Mary Gordon wrote The Company Of Women...
"There may be some writers who contemplate a day's work without dread, but I don't know them. Beckett had, tacked to the wall beside his desk. a card on which were written the words: 'Fail. Fail again. Fail better'."
 

February 1:

My Favorite Books...

Cormac McCarthy wrote No Country For Old Men...
MOBY DICK
 

 

January 30:

Writer's On Writing...
Albert Camus wrote The Plague...

"We only think in images. If you want to be a philospher, write novels."

January 28:

Writer's On Writing...

Samuel Beckett wrote the play Endgame...
Beckett's most famous play is Waiting For Godot. Asked who Godot was, Beckett replied, "If I knew, I would have said so in the play."
 

January 25:

Writer's On Writing...

T.S. Eliot won the Nobel Prize in Literature in 1948...
"The essential advantage for a poet is not to have a beautiful world with which to deal; it is to be able to see beneath both beauty and ugliness; to see the boredom, and the horror, and the glory."
 

January 23:

Writer's At Work...

Paul Claudel wrote the play The Break Of Noon...
"Besides Racine, who is for me the greatest writer, there is one other--Franz Kafka."
 

 

January 18:

Writer's On Writing...

Virginia Woolf wrote Mrs. Dalloway...
"...any turn in the wheel of sensation has the power to crystallize and transfix the moment."
 

 

January 16:

Writer's On Writing...

Anton Chekov wrote The Cherry Orchard...
"Let the things that happen on the stage be as complex and yet as simple as they are in life."

 

January 14:

Writer's On Writing...

Joseph Conrad wrote Lord Jim...
My task which I am trying to achieve is, by the power of the written word, to make you hear, to make you feel--it is, above all, to make you see. That--and no more, and it is everything."
 

January 11:

"George Foreman is the first person I have been in the ring with I know can kill you." (Bossman Jones...Foreman's sparring partner before "The Rumble In The Jungle".)

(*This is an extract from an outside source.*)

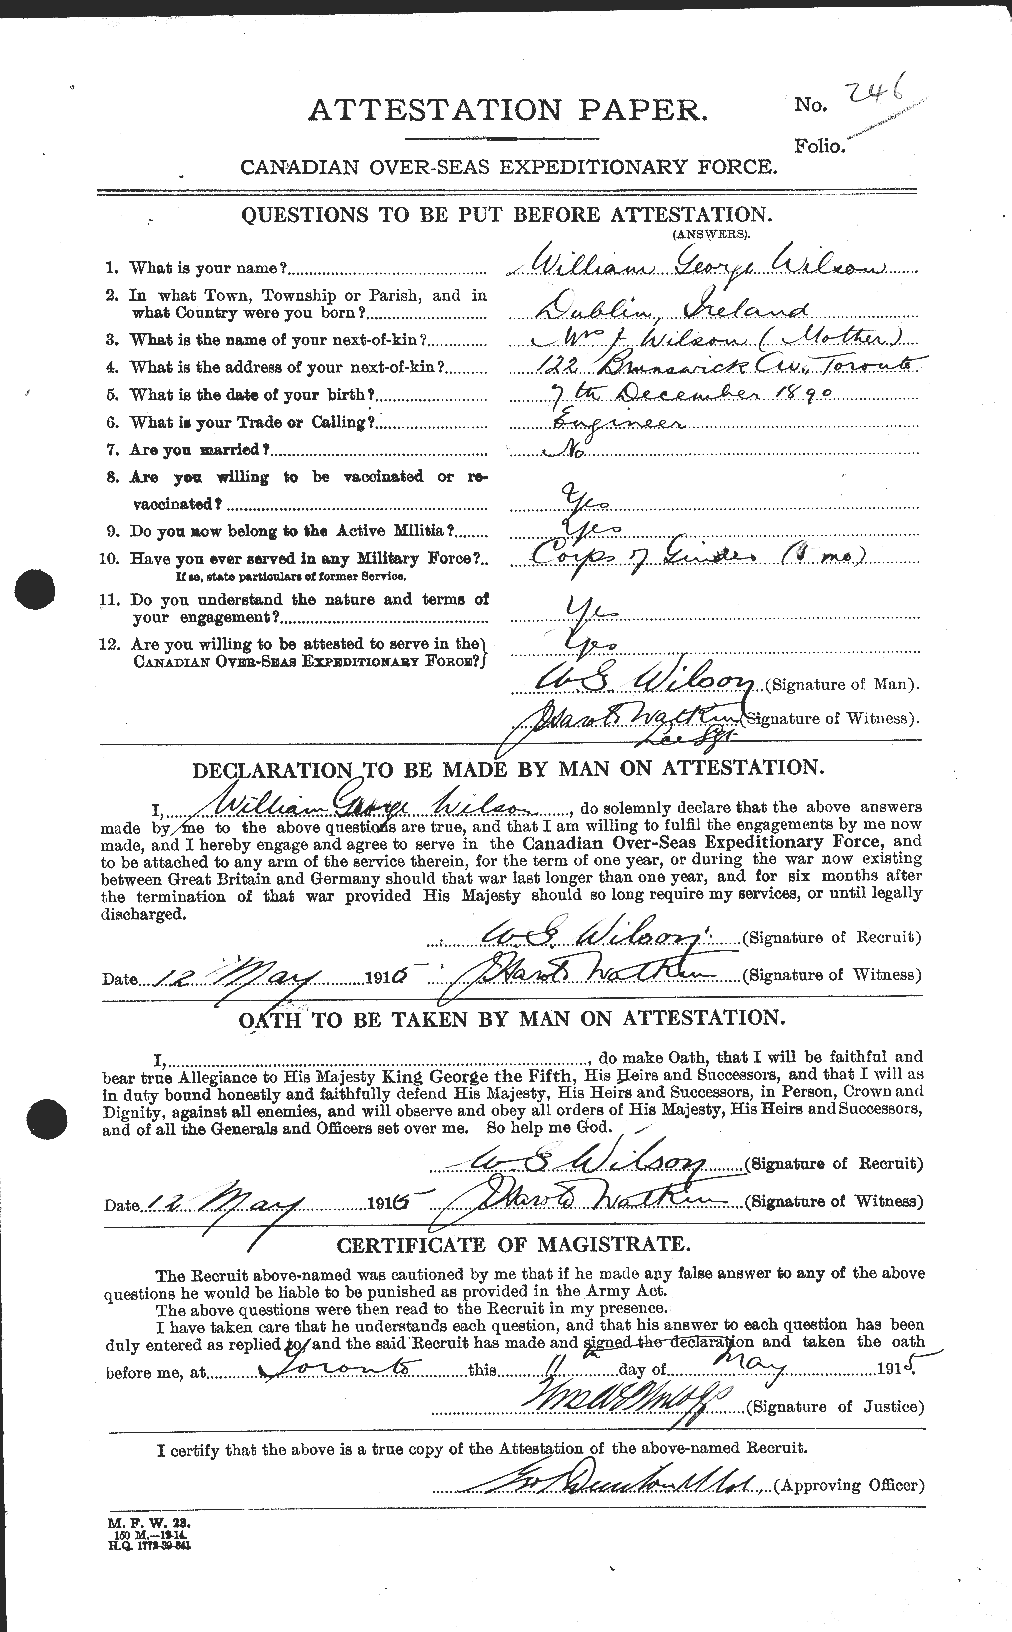 Personnel Records of the First World War - CEF 681999a

from...My View From The Corner...A Life In Boxing by Angelo Dundee with Bert Randolph Sugar (McGraw Hill)

January 9:

Jim's Picks...

The Last Great Fight by Joe Layden (St. Martin's Press) Mike Tyson vs. Buster Douglas...Febuary 10, 1990.

The Long Embrace by Judith Freeman (Pantheon Book) Raymond Chandler and his life-long love affair with his wife, Cissy Pascal. The in-person research is astounding!

Miles Davis by Jeremy Yudkin (Indiana University Press) An invaluable biography of the musician who invented "cool".

My View From The Corner by Angelo Dundee (McGraw-Hill) A very exciting book...live from ringside...and really funny!

January 7:

My Favorite Books...

Herman Wouk wrote The Caine Mutiny...
HUCKLEBERRY FINN
DON QUIXOTE
THE AUTOBIOGRAPHY OF ANTHONY TROLLOPE

 

January 4:

Writer's At Work...
Toni Morrison wrote Beloved...
"What I Really want is that intimacy in which the reader is under the impression that he isn't really reading this; that he is participating in it as he goes along. It's unfolding, and he's always two beats ahead of the characters and right on target."
from...Writers On The Art Of Writing by Nancy Crampton (The Quantuck Lane Press)
 

Jim Agnew's Best BookPick...2007...

My Best Book pick of 2007 is...True Believer: Inside The Investigation And Capture Of Anna Montes, Cuba's Master Spy by Scott W. Carmichael (Naval Institute Press/www.usni.org)

True Believer is a non-fiction page turner. The rare book you carry around with you until you've finished it and then read it again to focus on the complicated parts.

The arrest of Anna Montes took years of quiet patience on Scott Carmichael's part and his great book reflects that due deligence.